For a long time, in the West, people didn't believe that meteorites fell from the sky. It took a daring scientist and a meteorite shower in the town of L'Aigle in 1803 to change our perception of those celestial objects.
Meteorite falls have always intrigued humans. Some saw bad omens in them, others saw divine signs. Despite the many eyewitnesses, Western scholars refused to believe the farmers who claimed to have seen stones falling from the sky. In the 18th century, those stones were even classified in the category of "thunderstones. " These could be found among the diverse objects that were exhibited in the curio cabinets of the time.

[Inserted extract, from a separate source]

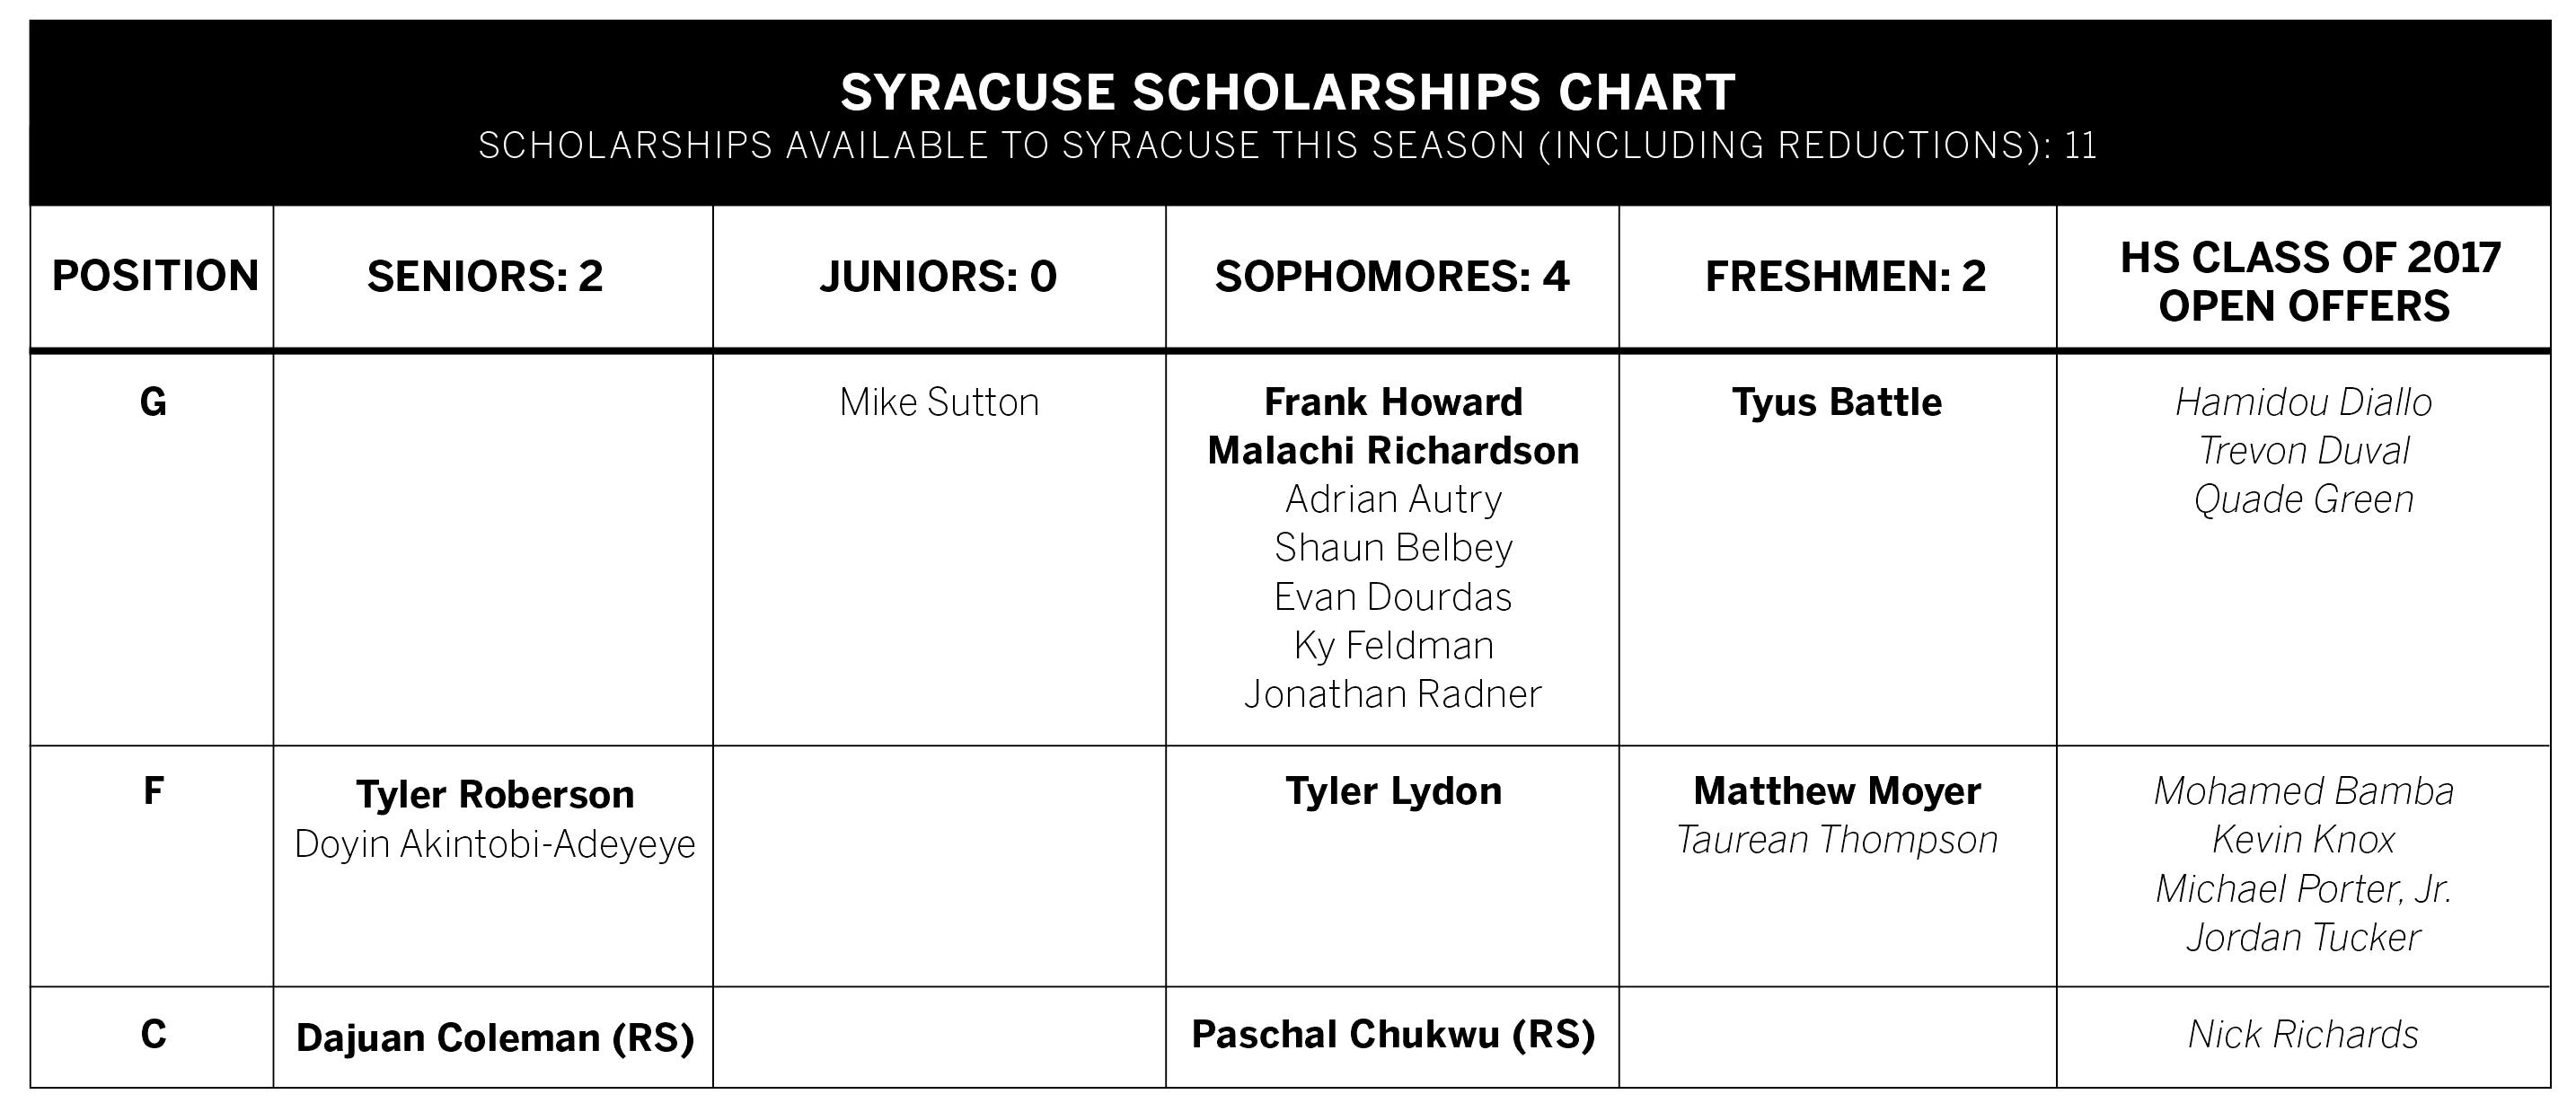 Scholarships 6

In the wake of a fall of stones in the French commune of Lucé in 1768, the Academy of Sciences asked three chemists, including the later-to-be-famous Antoine Lavoisier, to analyze the stones.
But methods of analysis in that period were rudimentary. Observation through magnifying glasses would show the presence of grains of metal that chemists confused with pyrite. In truth, these were bits of iron and nickel, a mineral unknown at the time. The analytical report, presented by Lavoisier, would conclude that the stones didn't fall from the sky, but instead that what was involved was a stone rich in pyrite that had been struck by lightning.
The boldness of Chladni
In April 1794, the German scholar Ernst Chladni published a book in which he laid out his observations on several types of rocks and falls of stones. He argued that stones, arriving from outer space, can fall from the sky and form fireballs as they pass through the Earth's atmosphere.
He went even further, claiming that these stones are fragments of a planet that failed to form.
Those highly daring hypotheses, well ahead of their time, were rather badly received by scholars of the period.
The L'Aigle fall
Chladni's ideas would nonetheless be confirmed by a meteorite shower on April 26, 1803, over the town of L'Aigle, in France. Around 1 p. m. local time, more than 3,000 fragments of stones rained down on the area. Inhabitants heard two noises similar to cannon shots, followed by rolling thunder. Stones then fell from the sky, a spectacle that frightened more than a few people.
The minister of the interior at that time wanted to shed light on these events, and entrusted the inquiry to the young astronomer Jean-Baptiste Biot.
Biot made his way to L'Aigle on June 26. On the road he questioned all the travelers about the fall of stones. Once on the scene he meticulously explored the environs and collected many other eyewitness observations. Thus he could draw up the first meteorite dispersal map.
The historic report
Biot's report was presented to the members of the Institut de France on July 18, 1803. The document, entitled Account of a journey made in the department of the Orne, in order to ascertain the reality of a meteor observed in L'Aigle on 6 floréal an 11, is today famous.
In it he presents "moral proof" of the fall of meteorites in the form of witness statements from a wide-reaching social diversity. Those witnesses had no interest in lying about the events.
Biot also determined that there was no foundry, factory, mine or volcano where the meteorites could have originated. For Biot, the fall of stones at L'Aigle in 1803 could only be explained by accepting that they fell from the sky. He believed nevertheless that the stones came from the Moon.
The quality of Biot's report would definitively bring to an end the debate about the extraterrestrial origin of meteorites. From that moment on, those celestial stones acquired the status of objects of incontestable scientific interest.